Grilled Turkey Burger with Avocado
Total Time: 30 minutes, plus time to chill
Yield: 6 servings
- ¼ cup breadcrumbs
- 1 egg
- 1 tablespoon Worcestershire sauce
- ½ teaspoon black pepper
- 2 pounds ground turkey
- 1 large red onion
- Vegetable oil for grilling
- 1 teaspoon kosher salt
- 6 slices cheddar or Swiss cheese
- 6 potato rolls
- 2 avocados, roughly mashed
- Miller Lite BBQ Sauce, for serving
- Miller Lite Whole-Grain Mustard, for serving
- ¾ cup lightly packed arugula
- 1 to 2 tomatoes, sliced
Directions:1. Before you make the burgers, make sure the turkey is very cold. If you’re in a hurry, you can spread it in a single layer on a rimmed baking sheet and freeze for 10 or 15 minutes, just until it’s well chilled all the way through.
2. In a large bowl, combine the breadcrumbs, egg, Worcestershire sauce, and black pepper. Add the turkey and mix just to incorporate. Gently shape it into 6 even patties, just a little wider than the rolls, and press a shallow thumbprint into the center of each. Refrigerate on a plate until you’re ready to grill.
3. Prepare the grill with medium-high heat on one side and low heat on the other, and let it get warm for at least 5 minutes. Slice the onion across to cut it into rings, about ½-inch each; try to keep the layers together. Brush oil all over the burger patties and the onion; sprinkle the salt evenly over the patties.
4. Add the patties and the onions to the grill over high heat. Cover and cook for 4 to 5 minutes per side, until the patties are firm with good grill markings and the onions start to char on the edges.
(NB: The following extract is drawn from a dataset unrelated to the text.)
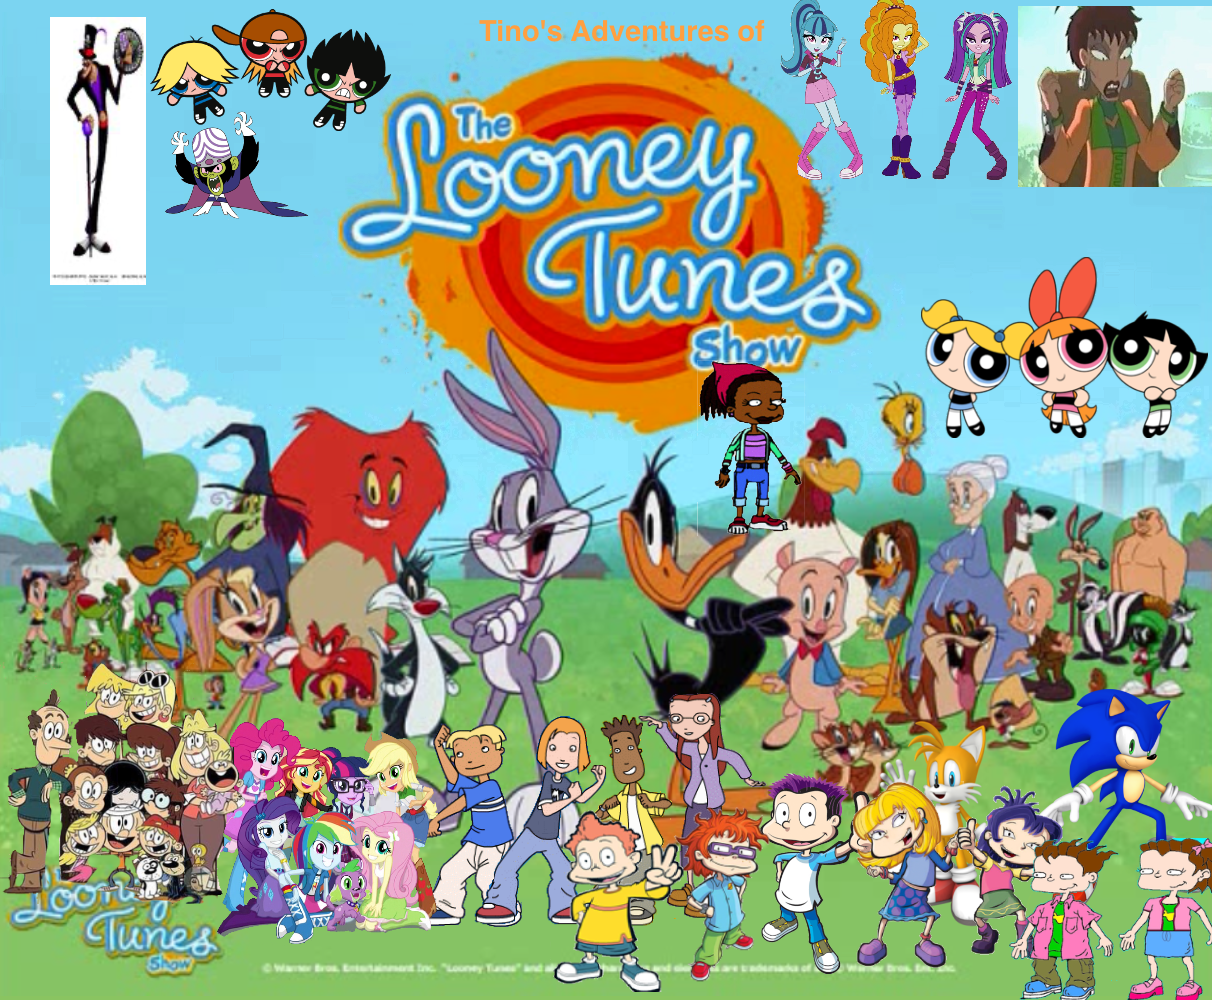 Tino's Adventures of The Looney Tunes Show, Pooh's Adventures Wiki

5. Move the patties to low (or indirect) heat and top each one with a slice of cheese. Meanwhile, split the rolls and toast over high heat for 20 to 30 seconds, until they are warm.
6. Spread the rolls with mashed avocado, Miller Lite BBQ Sauce, and Miller Lite Whole-Grain Mustard. Add the turkey burgers and top each one with a heap of arugula, a slice of tomato, and grilled onions. Serve immediately.
Miller Lite Whole-Grain Mustard
Total Time: 5 minutes, plus time to soak
Yield: About 2 cups
- ½ cup mustard seeds (yellow, brown, or a combination)
- ½ cup apple cider vinegar
- ½ cup Miller Lite
- ¼ cup honey or agave syrup
- 1 teaspoon kosher salt
Directions:1. In a small bowl, add the mustard seeds and cover with vinegar and Miller Lite. Add in the honey and the salt and stir to combine. Cover the bowl with plastic wrap and let soak overnight in the refrigerator, so the seeds absorb some of the liquid.
2. Add mustard seeds and all their soaking liquid to a blender. Puree until the mixture is pretty smooth, with a few mustard seeds still whole. Use immediately or store in an airtight container in the refrigerator for up to 1 week.
Miller Lite BBQ Sauce
Total Time: 40 minutes
Yield: About 2½ cups
- 1 tablespoon olive oil
- 1 jalapeño, stem removed, with membranes and seeds for additional heat
- 4 garlic cloves
- 2 cups ketchup
- 1 cup Miller Lite
- ¼ cup orange juice
- ¼ cup brown sugar
- ½ teaspoon kosher salt
- ½ teaspoon ground cumin
- ¼ teaspoon ground coriander
- ¼ teaspoon chili powder
Directions:1. Heat the oil in a saucepan over medium heat. Add the jalapeños and cook until they start to soften approximately 5 to 6 minutes. Add the garlic and cook for another 30 seconds or so, until it becomes fragrant.
2. Add the ketchup, Miller Lite, orange juice, brown sugar, salt, and spices. Bring to a boil, then simmer, stirring occasionally, until it’s thick, 30 minutes or so. Remove from the heat and blitz in a food processor until smooth.